__Entries provided__.
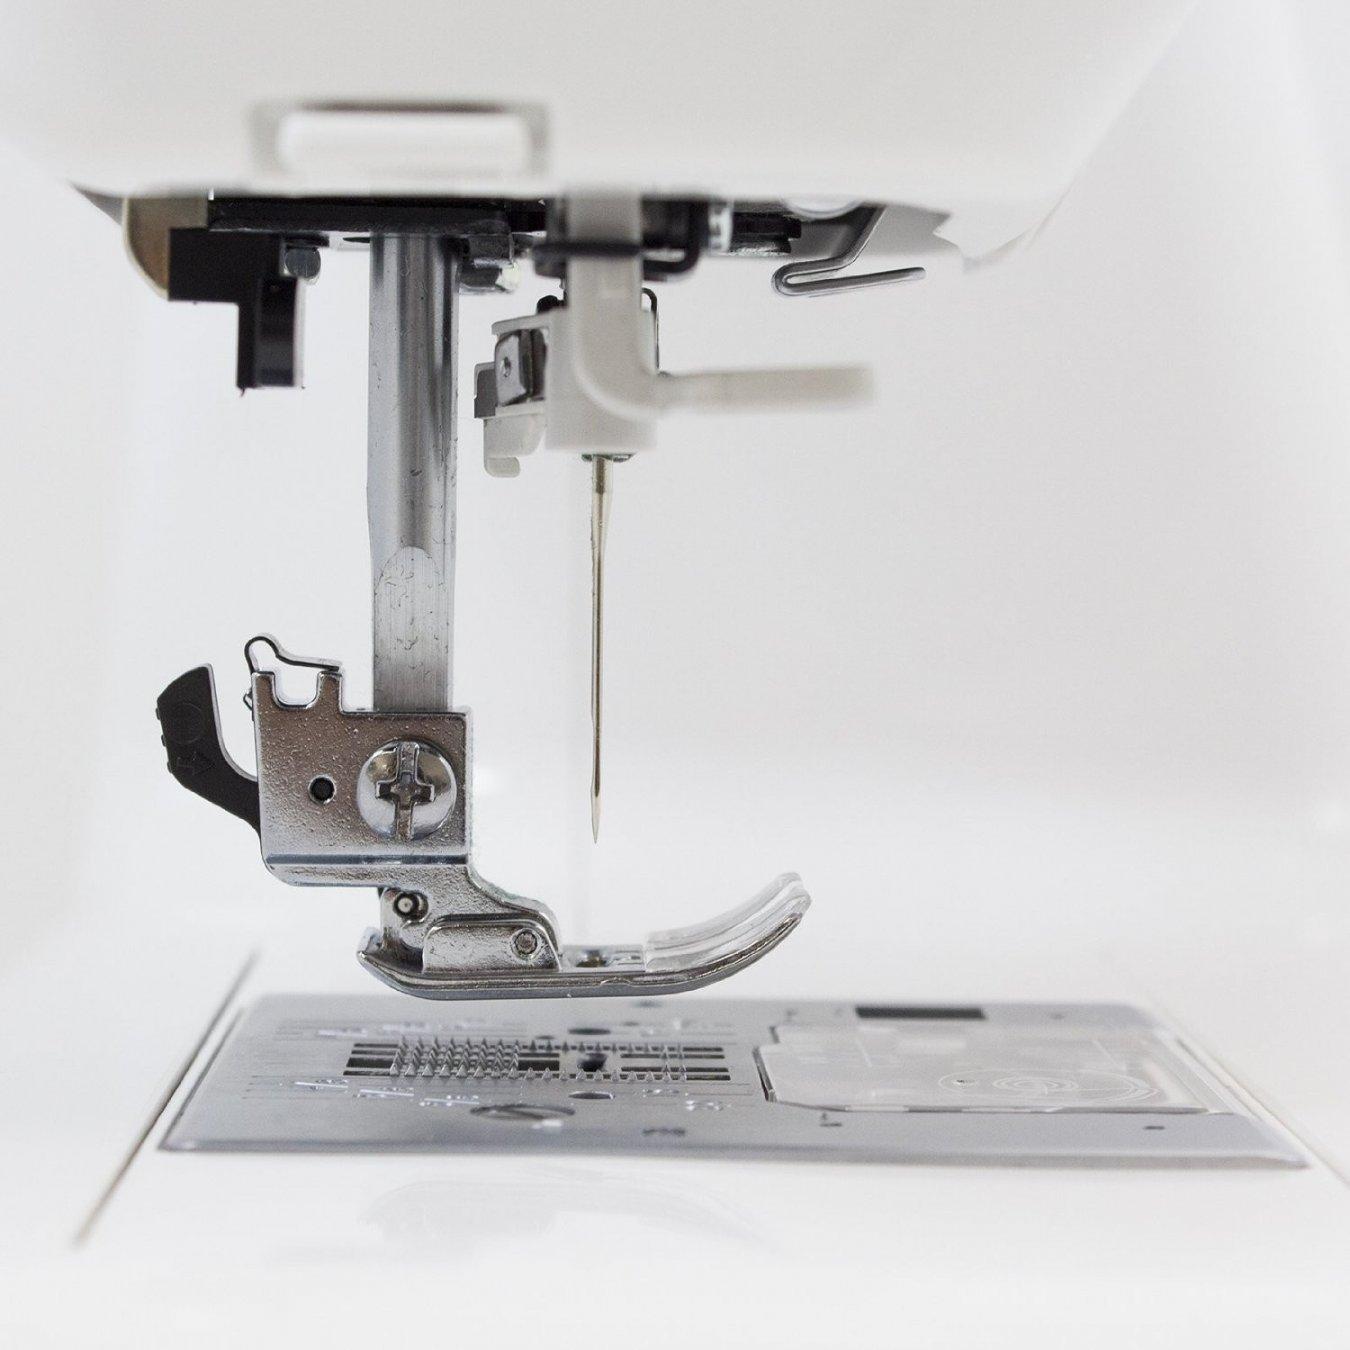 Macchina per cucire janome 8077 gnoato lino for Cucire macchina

--

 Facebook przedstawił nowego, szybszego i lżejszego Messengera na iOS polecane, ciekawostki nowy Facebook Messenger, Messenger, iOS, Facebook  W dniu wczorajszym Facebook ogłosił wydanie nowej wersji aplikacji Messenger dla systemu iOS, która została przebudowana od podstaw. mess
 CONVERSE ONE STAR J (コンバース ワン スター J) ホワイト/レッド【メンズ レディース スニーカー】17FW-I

__Exercise requirements__.
Could you set down, word for word, only the lines above from the line with "Facebook przedstawił nowego, szybszego" to the line with "CONVERSE ONE STAR", including both?

__Task response__.
 Facebook przedstawił nowego, szybszego i lżejszego Messengera na iOS polecane, ciekawostki nowy Facebook Messenger, Messenger, iOS, Facebook  W dniu wczorajszym Facebook ogłosił wydanie nowej wersji aplikacji Messenger dla systemu iOS, która została przebudowana od podstaw. mess
 CONVERSE ONE STAR J (コンバース ワン スター J) ホワイト/レッド【メンズ レディース スニーカー】17FW-I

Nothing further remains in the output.